The weekly number of qRT‐PCR‐positive human samples and ELISA‐positive dogs in the city of Zagreb and Zagreb County from 23 February to 1 June 2020. †qRT‐PCR—quantitative reverse transcription polymerase chain reaction, ‡Number of new qRT‐PCR‐positive human cases is publicly available at the official website of the Government of the Republic of Croatia (https://www.koronavirus.hr), §ELISA—enzyme‐linked immunosorbent assay

Figure 2

The weekly cumulative number of qRT‐PCR‐positive human samples and ELISA‐positive dogs in the city of Zagreb and Zagreb County from 23 February to 1 June 2020. †qRT‐PCR—real‐time quantitative reverse transcription polymerase chain reaction, ‡Number of new qRT‐PCR‐positive human cases is publicly available at the official website of the Government of the Republic of Croatia (https://www.koronavirus.hr), §ELISA, enzyme‐linked immunosorbent assay

To further address pets as a possible source of infection for humans, we have tested employees of the Veterinary Faculty University of Zagreb. Out of 122 human samples, six tested ELISA positive (4.92%), but none had neutralising activity (Table 1.). Half of the participants who had tested ELISA positive had no history of symptoms that could be related to COVID‐19 (fever ≥ 38.0°C, chills, fatigue, myalgia, sore throat, cough, rhinorrhea, shortness of breath).

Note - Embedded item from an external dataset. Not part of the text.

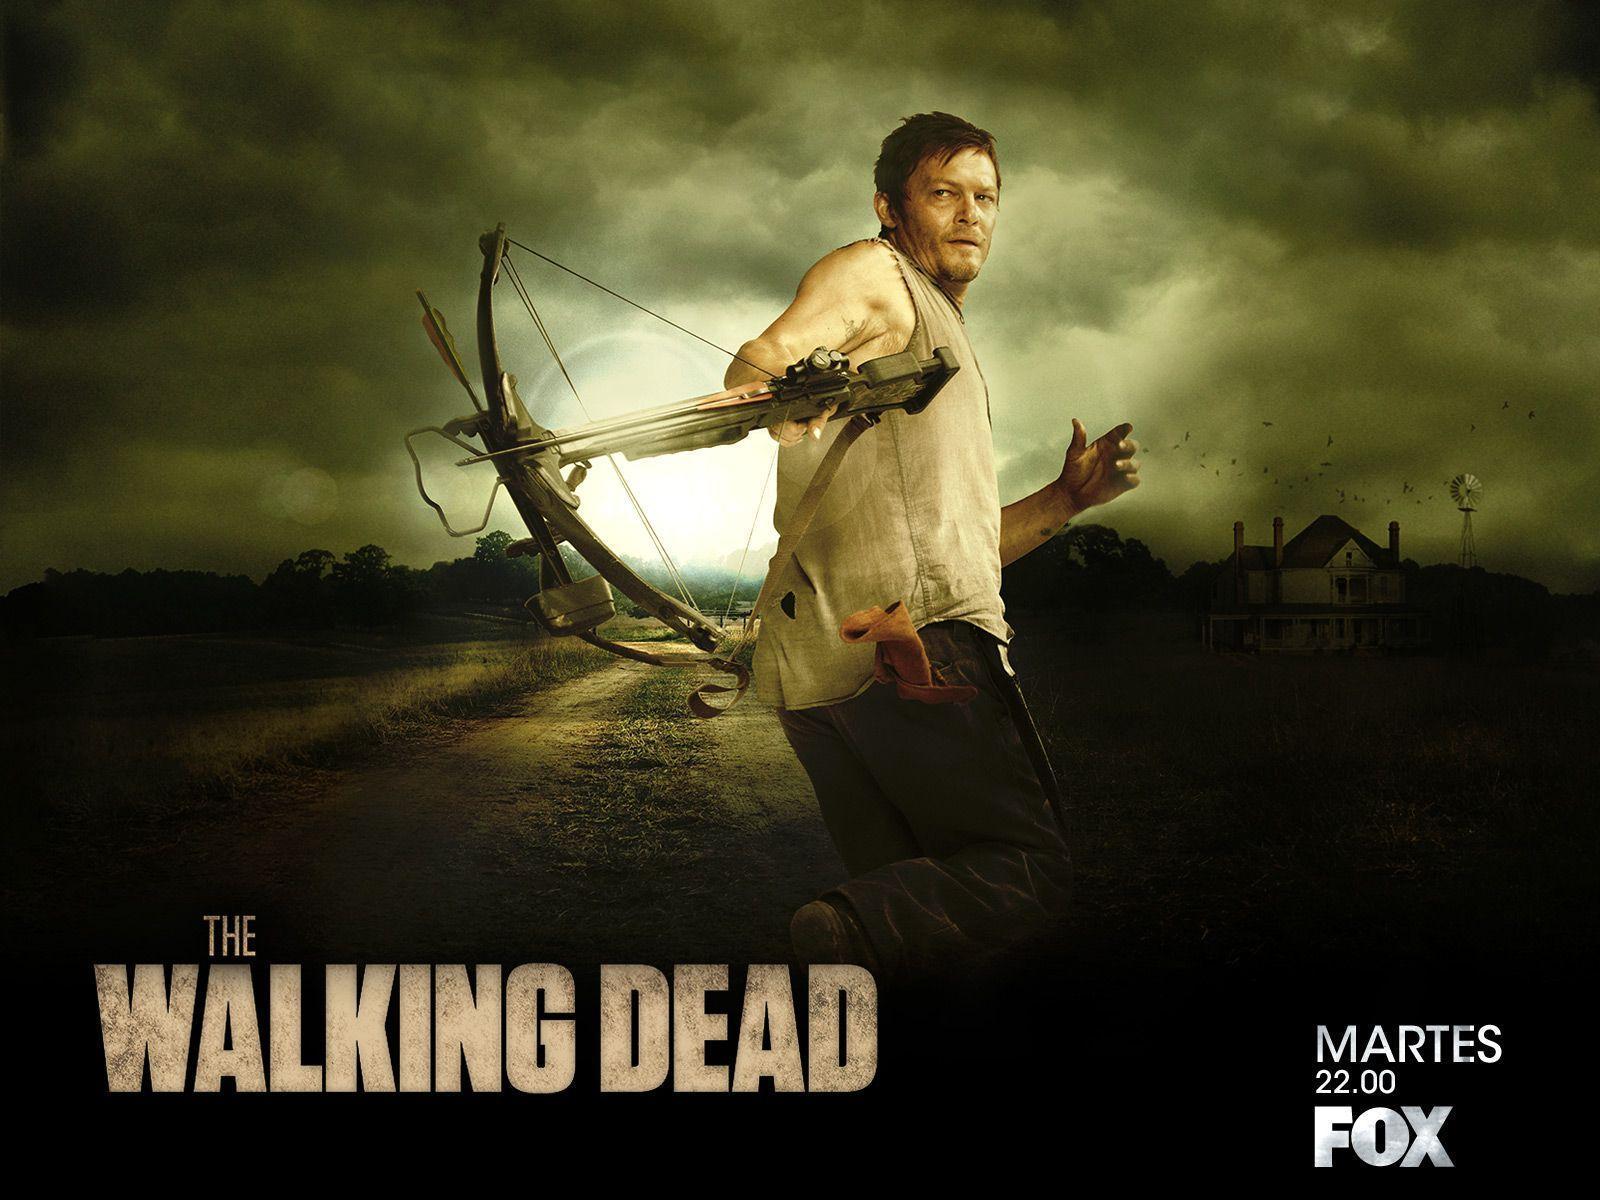 Daryl Dixon The Walking Dead Wallpapers Wallpaper Cave

The other three had some combination of the symptoms mentioned above, but they were mild, and none of them reported fever. None of the participants had reported contact with a confirmed COVID‐19 case; none had been qRT‐PCR tested nor had been in self‐isolation. It is possible that due to the mild symptoms, or asymptomatic course of the infection, serum samples were ELISA positive but MNT negative (Okba et al., 2020; Zhang, Zhou, et al., 2020).

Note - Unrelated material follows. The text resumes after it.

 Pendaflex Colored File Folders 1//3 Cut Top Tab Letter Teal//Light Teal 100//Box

There was no difference in seroreactivity of administrative and basic and pre‐clinical sciences departments personnel compared to animal health service providers and laboratory personnel (Fisher's exact test p = 1). Taking into account the limited size of the cohort studied, it seems that contact with pet animals is not a risk factor for SARS‐CoV‐2 infection. At the time of sampling for this study, human serum samples were collected in the general population. Using ELISA, IgG antibodies were detected in 2.7% of participants (Vilibic‐Cavlek et al., 2020). Once again, there was no significant difference in seropositivity between animal health service providers and the general population (Fisher's exact test p = .13).

FINAL REMARKS

In conclusion, seropositivity among pet animals in Croatia is low, especially when compared to results from China. A small number of seropositive animals with a low titre of neutralising antibodies suggest infections are rare and are following infections in the human population. Even though animal to animal transmission has been described (Halfmann et al., 2020; Shi et al., 2020), as well as a possible animal to human transmission (ProMed‐mail, 2020), we believe those are exceptions that are limited to experimental conditions or to highly contaminated environments, such as fur farms. This study gives no evidence that dogs and cats are significant sources of infection for people. Still, serosurveys in pet animals could be an additional tool for surveillance of SARS‐CoV‐2 in the human population.

ETHICAL APPROVAL

The authors confirm that the ethical policies of the journal, as noted on the journal's author guidelines page, have been adhered to. The study was approved by the Ethics Committee of the Croatian Institute of Public Health (Decision number: 030‐02/20‐05/1).

CONFLICT OF INTEREST

The authors declare that there they have no conflict of interests.

AUTHORS’ CONTRIBUTIONS

V. Stevanovic, T. Vilibic‐Cavlek, I. Tabain and Lj. Barbic conceptualised and designed the study. V. Stevanovic, I. Tabain, S. Kovac and Z. Hruskar developed and carried out microneutralisation test. V. Stevanovic, I. Benvin, S. Kovac collected animal serum samples, designed and carried out ELISA for dog serum samples. T. Vilibic‐Cavlek, Lj. Milasincic and Lj. Antolasic collected and carried out ELISA testing of human sera samples. M. Mauric statistically analysed collected data. V. Stevanovic and V. Staresina wrote the manuscript. All authors read and approved the final version of the manuscript.